As the long midsummer day wore on the ships pushed steadily west, tracking the shore of the great estuary the natives of this place called the Cut, following the southern coast of Northland. It was high tide, and the dark waters washed over stony beaches.
Qirum himself was at the steering oar at the stern of his own ship, a big bristling pentecoster that would have dwarfed his old eight-man scow. His Greek pilot had given it a name, the Lion, after the Greek custom. Erishum, Qirum’s trusted sergeant, stood at the prow, weapons to hand. This ship was the lead in a motley fleet of over a hundred vessels scattered across the swelling water, ships stolen from kings and pirates, some even rightfully purchased, many of them heroically sailed out of the strait and north along Gaira’s coast with the Western Ocean.
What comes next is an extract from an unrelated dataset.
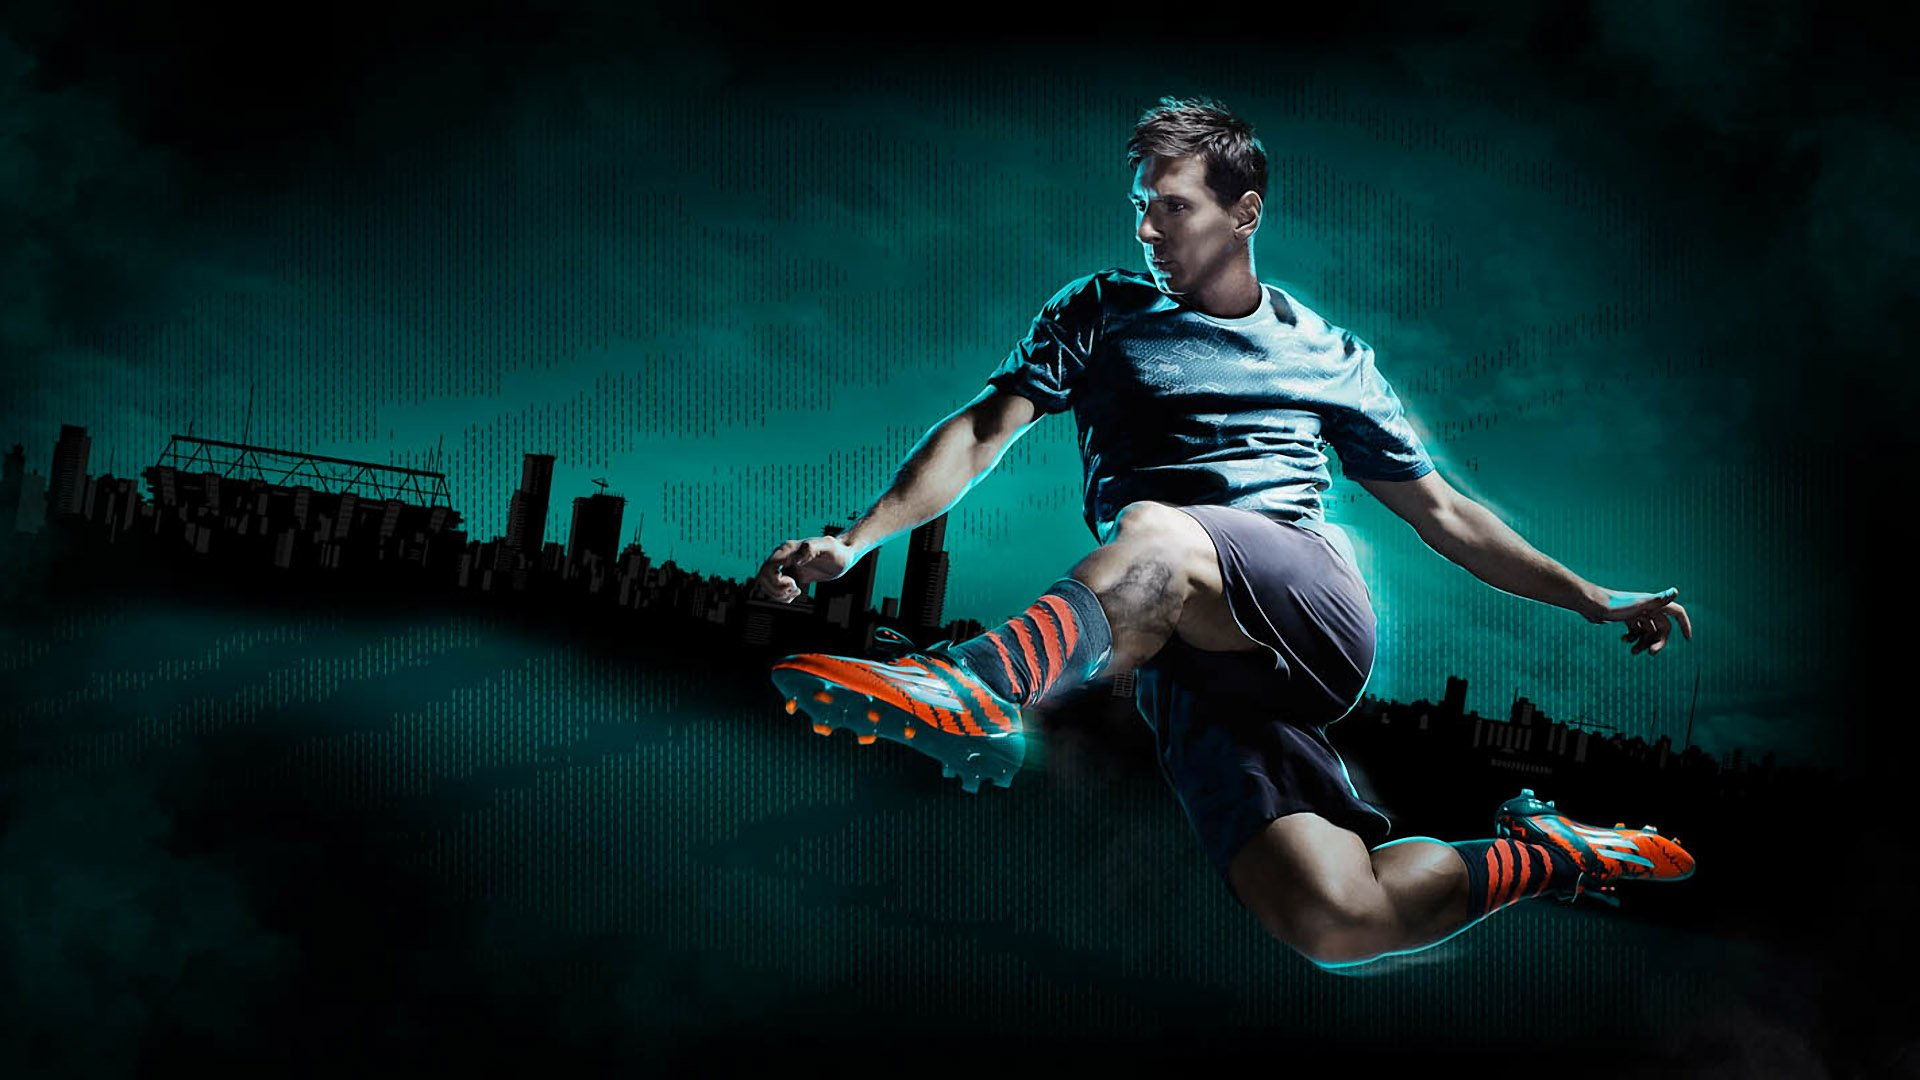 Leo Messi 2015 Adidas Mirosar10 wallpaper 1920x1080 545863 1920x1080

Ships that bore an army, its warriors and followers and their horses, even chariots and siege engines packed into their hulls.
It was good to be back at sea. Qirum could hear men calling across the water, pilots passing bits of information, the crews mocking each other as fighting men always would. He could hear the horses too, their frightened whinnies carrying over the water. He relished the smell of pitch and resin, of the men’s wine and salted meat, even their earthy stink of piss and vomit, and above all the sharp salt scent of the air that lay over the ocean. Even to bring his army so far, to assemble such a fleet, was a huge achievement. And at this key moment, with the first landing on Northland soil imminent, it was Qirum’s ship that led, Qirum himself who guided it, he who would be the first to spring onto Northland soil, the first to fight, the first to kill.
But that landing had yet to be made, that moment of glory yet to come. For now Qirum and his force were still at the mercy of the sea. Huge oceanic waves forced their way into this great throat of an estuary, and the boat creaked as it rose and fell. The men, most of them warriors from the eastern countries, looked uneasy, queasy, and more than one had emptied his guts over the side. At least the wind was strong enough for them to use their sails, but it blew too hard, driving the ships too fast for the comfort of the pilots, and it brought a bite of cold too on this unseasonably chill midsummer day.
It was just as well, Qirum thought, that few of the men knew of the invisible traps that the Northlanders had planted all along the shore.
Now the traitor came back the length of the ship to speak to him. He had to step carefully past the twin ranks of rowers, twenty-five men in each, their gear stowed beneath their benches, their weapons to hand, their oars shipped. The man, arrogantly dressed in the Jackdaw-feather cloak of his ceremonial office in Northland society, himself looked unsteady; he was no sailor. But he smiled at the Trojan’s discomfort. ‘You’re doing well, Qirum. Just hold your course.’
Qirum snarled, ‘I don’t need pats on the head from the likes of you, Bren.’
‘Of course you don’t. But nevertheless-’ He glanced up at a sunless sky. ‘A midsummer day, a clear still morning. The weather is kind, believe it or not. You should see the storms that ram their way up this estuary in the winter.’
Qirum glanced to the shore to the north. It was a strand of empty shingle beach, with a blur of forest in the distance. To the south, nothing could be seen but water. This estuary was so wide that you could not see one bank from the other. ‘I see no walls. Where are the mighty Northland walls, as I saw in the north?’